Paylaş
Okul fobisi, çocukta aşırı sıkıntı ve huzursuzluk yaratan, küçümsenmemesi gereken bir durumdur. Çocuk, anneyi ya da bağlandığı kişiyi yitireceğini veya onun başına kötü bir şey geleceğini düşünür. Kötü bir olayın anneden kendini ayıracağına dair yoğun kaygısı vardır. Bu nedenle anneyi sürekli gözünün önünde ister. Anneden ayrı kaldığında veya böyle bir ayrılık gündeme geldiğinde çocukta baş ağrısı, karın ağrısı gibi tekrarlayan fiziksel belirtiler gözlenir.
Çocuklar yaşadıkları huzursuzluk durumunda yetişkinler tarafından anlaşılmayı bekler. Bu fobiyi yaşayan çocuklara “Okula gitmezsen ancak çöpçü olursun” gibi yaklaşımlarda bulunmak son derece yanlıştır. Çünkü çocuk da okulun önemli olduğunun ve okula gitmesi gerektiğinin farkındadır ancak hissettiği kaygıyla nasıl başa çıkacağını bilememektedir. Bu durumu anne, baba ya da öğretmeni iyi anlamalıdır. Çocuğa karşı yapılan “Kapris yapıyor, şımarıyor, tembellik ediyor ve bu yüzden okula gitmek istemiyor” türü değerlendirmeler işi çıkmaza sokar.
Okula başlamak her çocuk için az da olsa bir kaygı sebebidir. Ancak normal olan bu kaygının birkaç gün içerisinde geçip çocuğun okul hayatına, arkadaşlarına uyum sağlamasıdır. Okul korkusu geliştiren çocuklar genellikle başarı kaygısı olan, uslu, uyumlu, aşırı onay bekleyen, ailesine bağımlı çocuklardır. Kaygılı çocuklarda okul fobisi görülme ihtimali daha fazladır.
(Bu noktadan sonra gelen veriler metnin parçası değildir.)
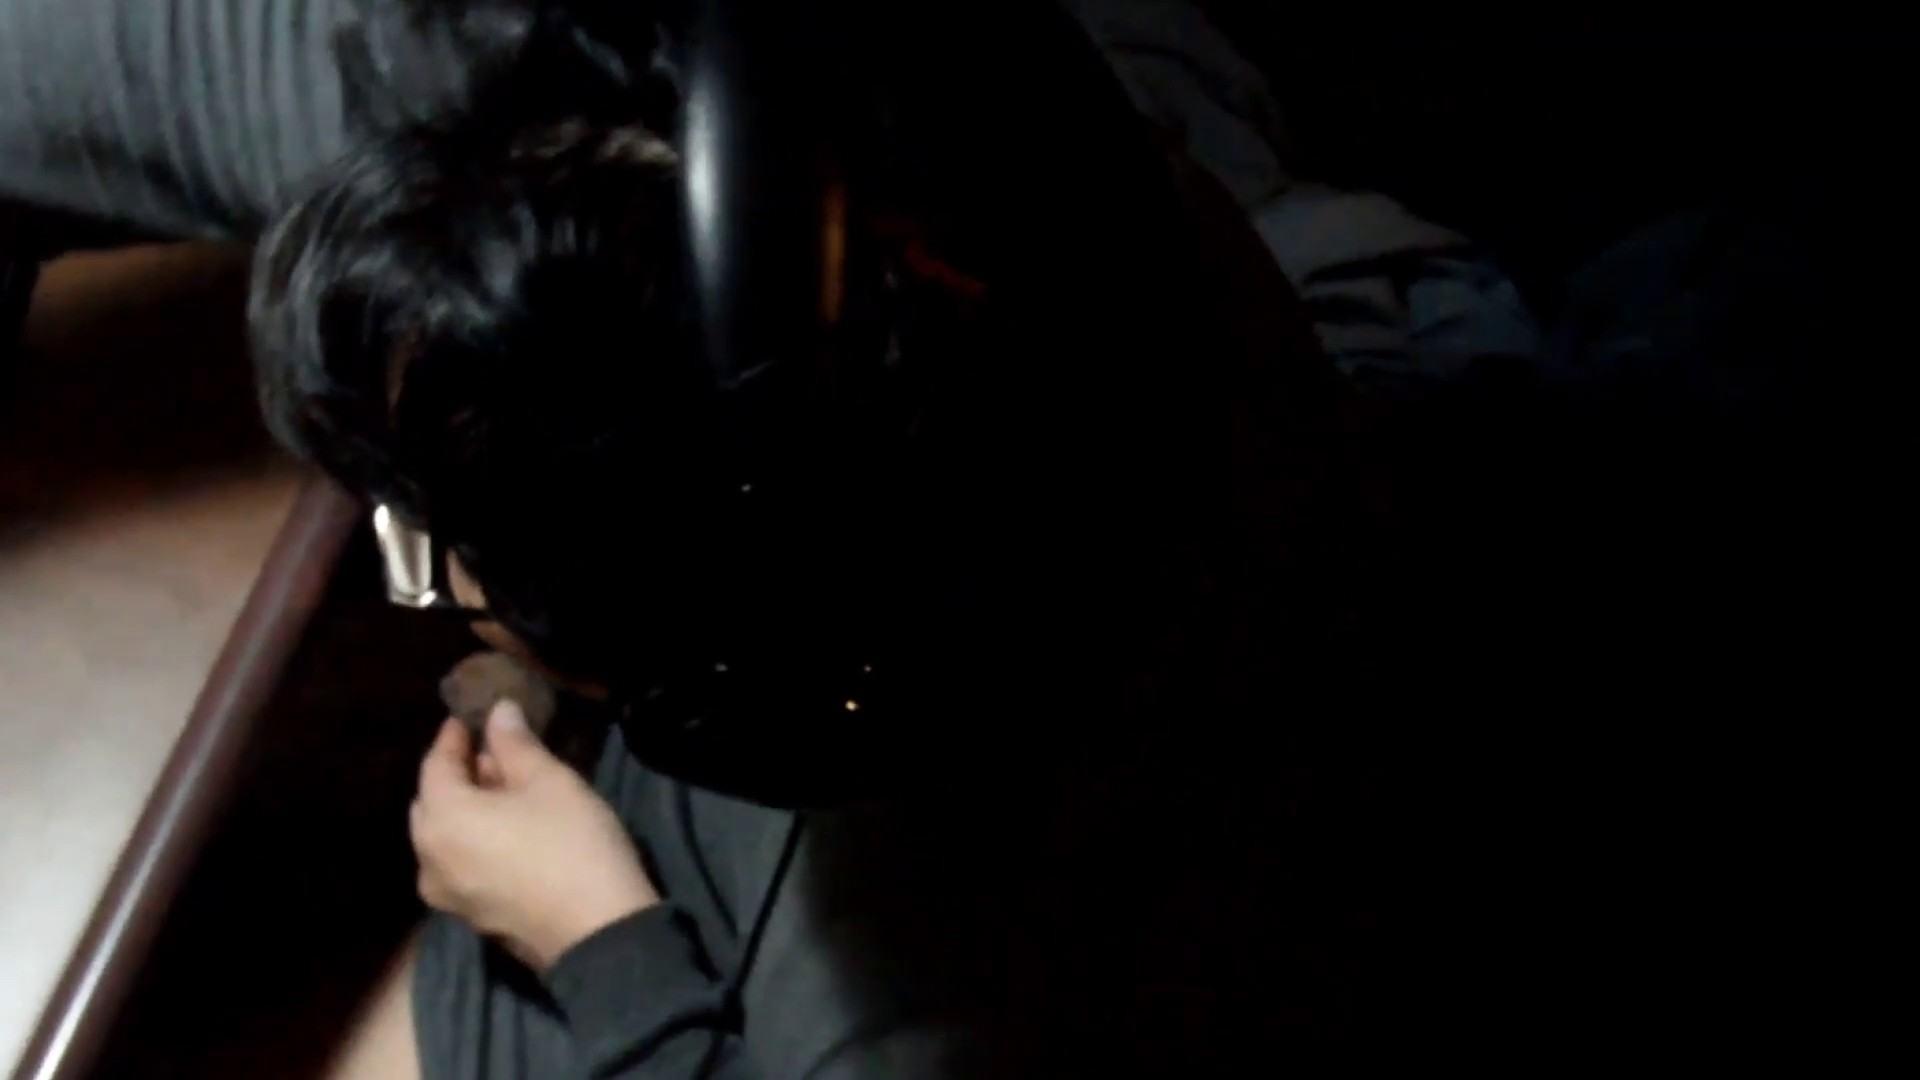 巨根 オナニー塾Vol.31 オナニー | モザイク無し アダルトビデオ画像キャプチャ 71pic 7

Aşırı korumacı ailelerde, çocuğa karşı aşırı bir şefkat ve koruma içgüdüsü vardır. Çocuğun kendi yapacağı ya da yapması gereken işler bile ebeveyni tarafından yapılır. Böyle ailelerde yetişen çocuklarda zamanla “Ben kendi başıma hiçbir şey yapamam”, “Annem babam olmazsa ben bir hiçim”, “Annem ve babamın olmadığı yerlerde başıma kötü bir şey gelebilir” duyguları gelişir.